Background

The following terms are used in this page and are described in the Glossary.

  • Data Domain (Domain)

  • Data Record (DR)

  • Data Record Keys

  • Data Catalog

  • Data Event

  • Source System

  • Source Data Record or Source Entity

Data Catalog and Federated Data Records

Important
Ensure that the YOUnite API database is encrypted at rest and in transit to protect sensitive data, especially the data catalog, from unauthorized access. Additionally, it should be securely placed behind a firewall to control and restrict external access effectively.

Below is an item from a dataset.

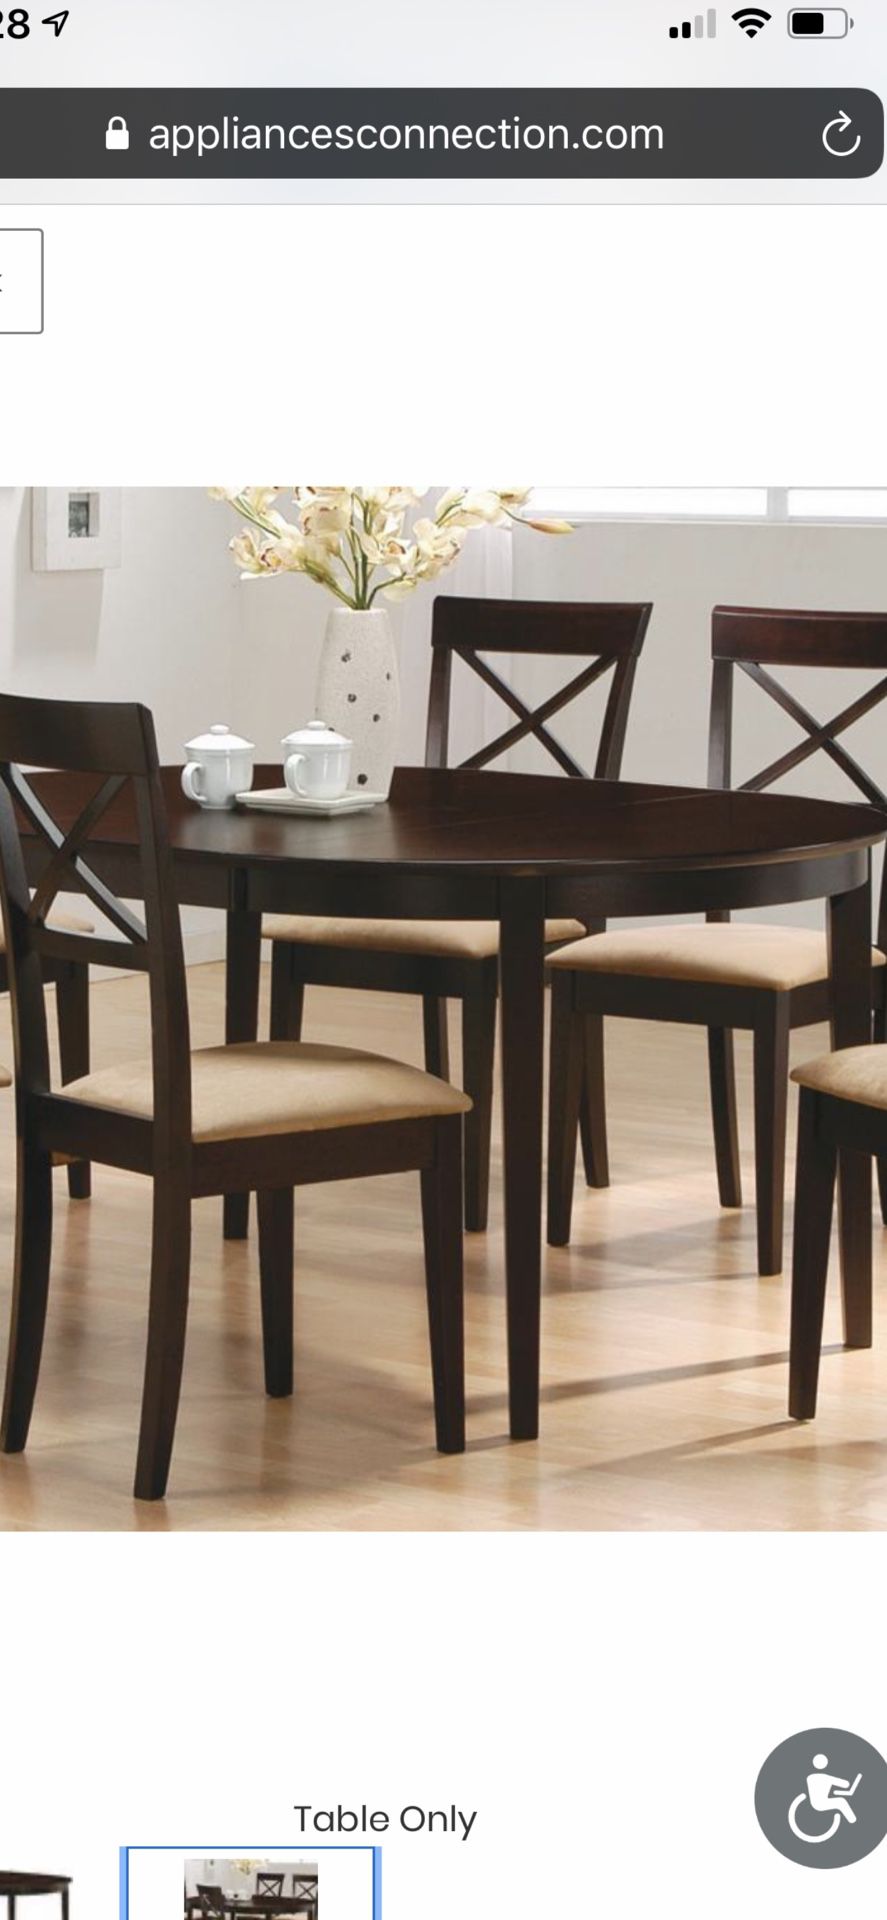 BRAND NEW! STILL IN BOX! Cappuccino Dining Table- Chairs not included
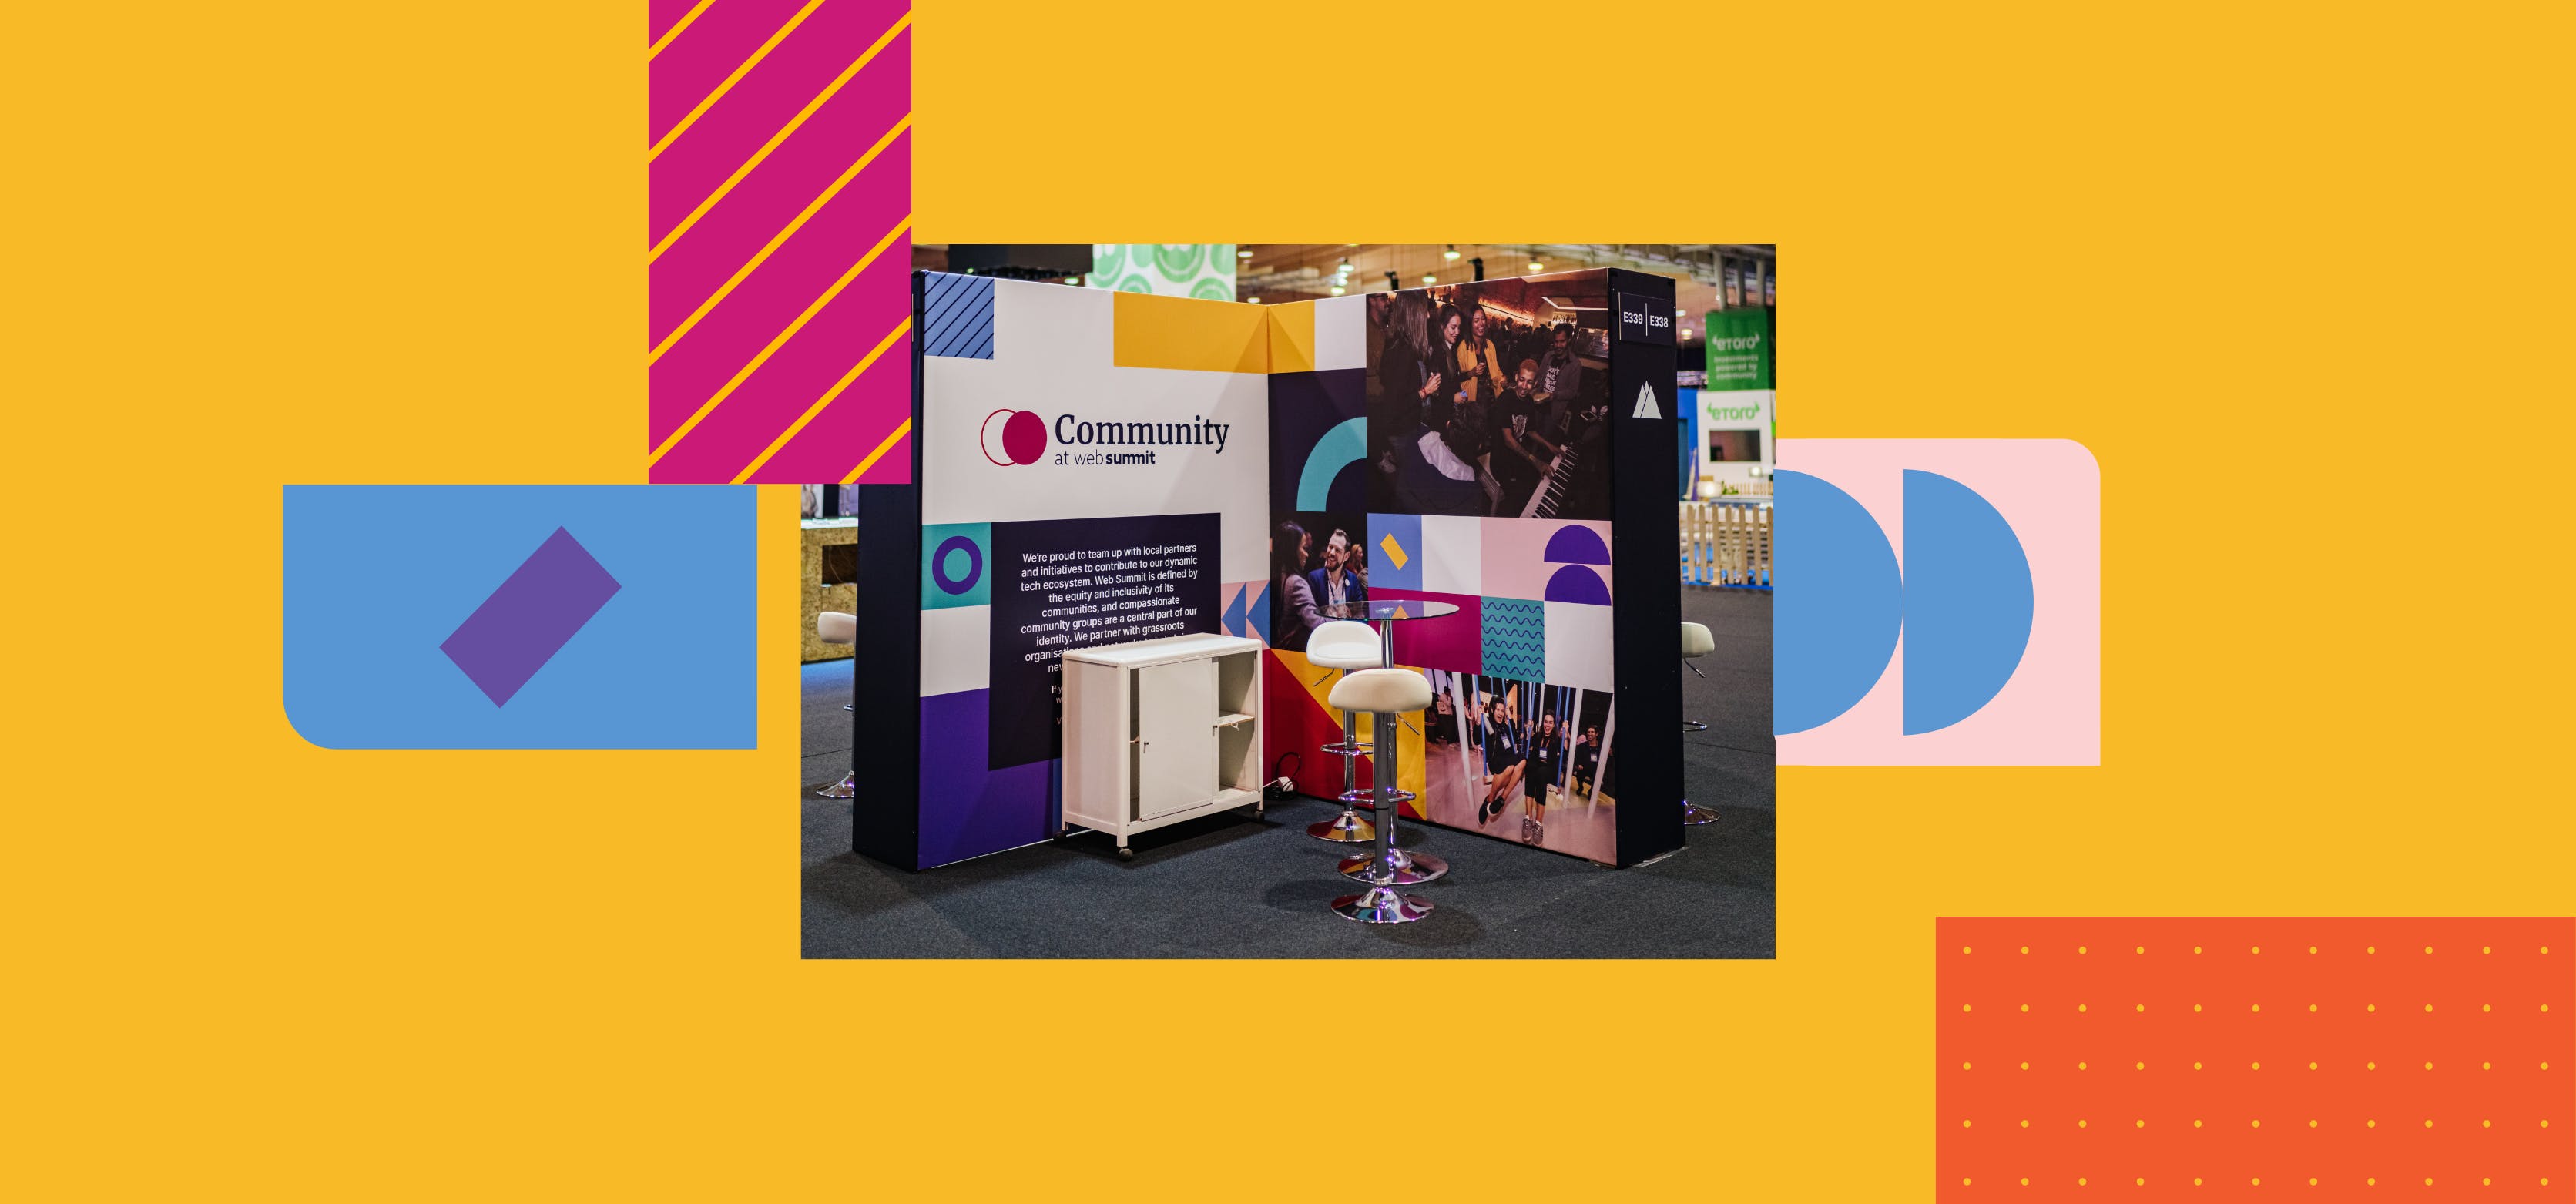 An image of a community exhibition stand at a pavilion during Web Summit. A storage unit, two chairs and a table with a glass top are in the image.

The capacity to manage all the federated data records (DRs) in your YOUnite Data Fabric is a key YOUnite feature. In order to manage the data domains and its data records (DRs), YOUnite maintains a data catalog of where the source entities live.

The data catalog contains lives in the YOUnite API server’s database (YOUnite metadata) and contains links and data record keys for each federated DR.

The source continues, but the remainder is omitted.